Basics: Compiling and linking with PaRSEC

PaRSEC comes with two techniques to help integration in a larger project: pkg-config and CMake.

Using pkg-config, the user will find the include and link options to pass to their compiler using the following command lines (other pkg-config specific flags are also available, see the manpage of pkg-config).

#!sh

pkg-config --cflags parsec
pkg-config --libs parsec

To use CMake, the user will find a FindPARSEC.cmake module installed in the PaRSEC installation directory, under the subdirectory lib/cmake/FindPARSEC.cmake. Once CMake is configure to point to the appropriate directory, the user needs to issue a find_package(PARSEC) which defines PARSEC_FOUND if PaRSEC is found, and in that case also defines PARSEC_INCLUDE_DIRS, PARSEC_LIBRARIES, and other variables (see the header of FindPARSEC.cmake for further documentation).

Integrating the application with PaRSEC

Users are not required to port all routines using the PaRSEC task system. PaRSEC is designed to work with other paradigms, and multiple integration schemes are possible. We describe here a few that are common.

Using a PaRSEC-enabled operation

The first approach is to use PaRSEC as a black box, relying on other operations that have been designed over PaRSEC as any other libraries. The wiki documentation How to write a program that uses a PaRSEC enabled operation covers this information.

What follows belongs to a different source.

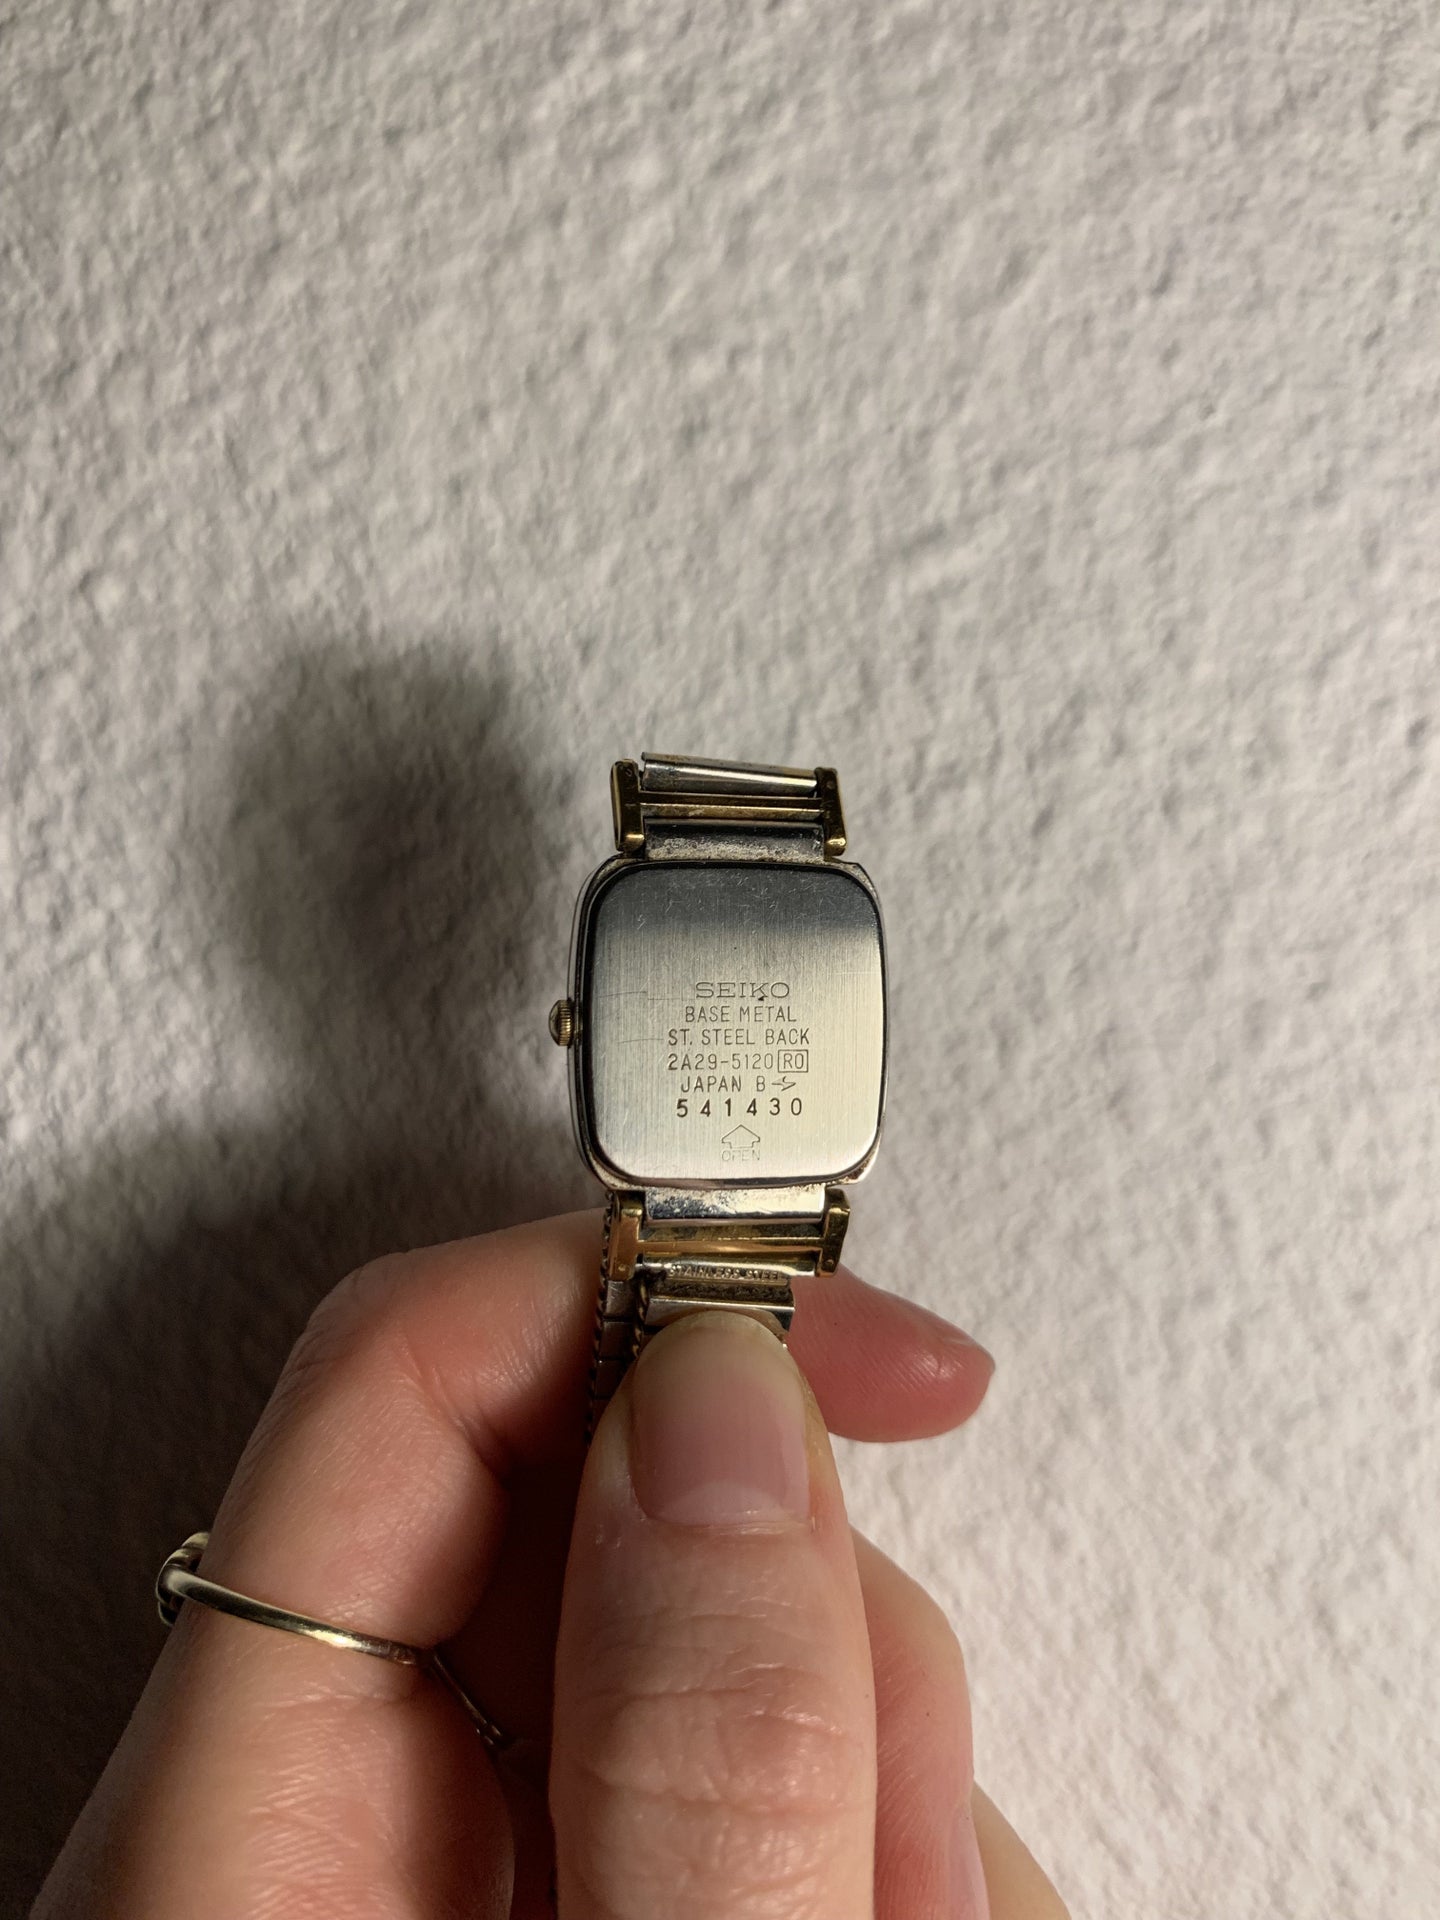 Does anbody know this vintage Seiko Quartz watch? | The Watch Site

Users are encouraged to read this part, as it also explains how the data distribution are managed, which is a necessary information to enable a tighter integration.

Porting some operation into a PaRSEC-enabled operation

As PaRSEC is a multi-Domain Specific Languages runtime, there are as many options as DSLs supported by PaRSEC to port a user-defined operation over the PaRSEC runtime. The two main approaches are Parameterized Task Graphs and Dynamic Tasks Discovery.

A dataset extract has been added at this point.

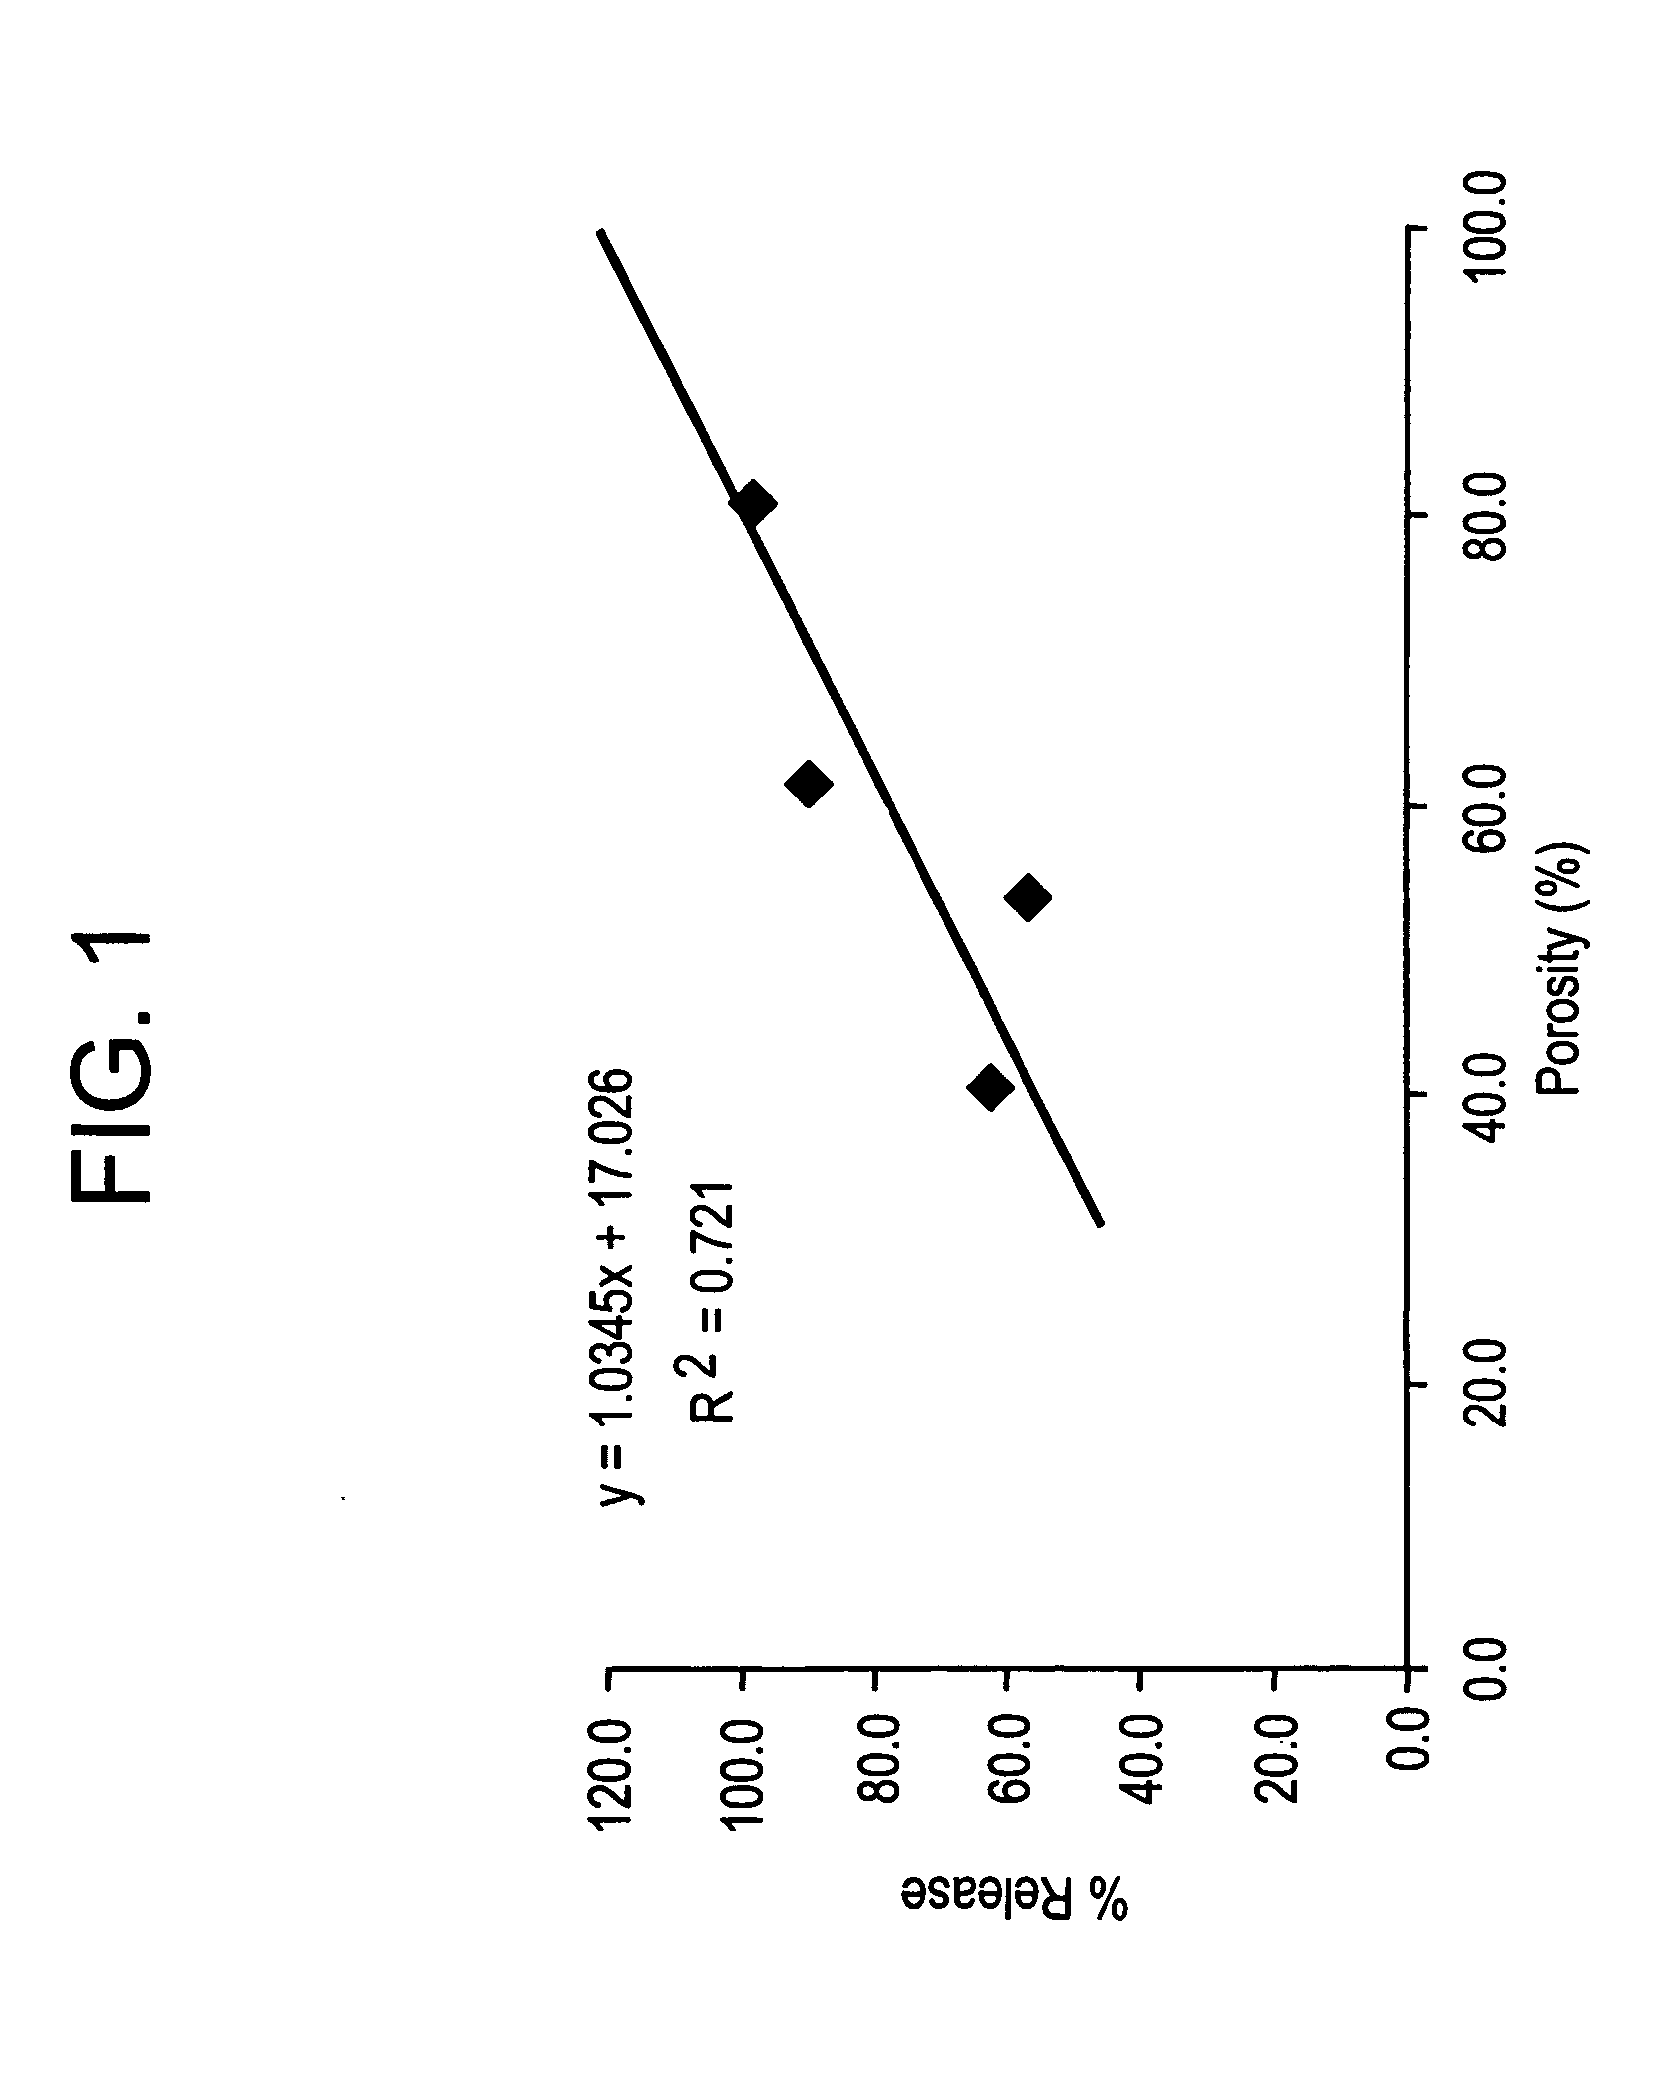 Injectable, oral, or topical sustained release pharmaceutical formulations

Parameterized Task Graphs (PTG) are most suitable when the programmer has a clear understanding of the entire dataflow, and can express the dependencies between tasks analytically. PTGs provide a high-level representation of the entire DAG of tasks, and allow the PaRSEC runtime to manage efficiently extreme numbers of tasks. How a PTG is written is described in How to write a PaRSEC enabled operation by creating a JDF file (Job Data Flow, or JDF, is the file format used by PaRSEC to express a PTG).

Dynamic Tasks Discovery (DTD) is the approach of choice to build a prototype (as the development time of a DTD DAG is often lower than the time required to write a PTG), or when the DAG is highly irregular. In its simplest form, DTD relies on a sequential thread that iterates over the tasks, and exposes how each task modifies or accesses data. Transparently for the user, the runtime system builds a DAG of tasks that exposes the maximum parallelism, while still preserving the same semantics as the one defined by the sequential execution of tasks, as discovered by the iterating thread. That DAG is executed in parallel and in the background, as the sequential thread iterates over the tasks, and until all discovered tasks are completed.

We will describe in further details below how to define an operation using the DTD paradigm. We will use to do so the ping-pong example.

Porting the ping-pong operation into a PaRSEC-enabled operation using the DTD paradigm

The first thing a programmer needs to do to port an operation into a PaRSEC-enabled operation is to define the tasks and their granularity. Tasks in PaRSEC are 'pure' functions with well-defined (and described) inputs and outputs (a given input can also be used as output). Usually, they are sequential code that read only the elements of data described to the runtime system (the inputs), and modify only the elements of data described to the runtime system (the outputs).

In our example, a task will either be a 'ping' or a 'pong' function. The Ping function initiates some data, that the Pong receives, doubles, and sends back to Ping.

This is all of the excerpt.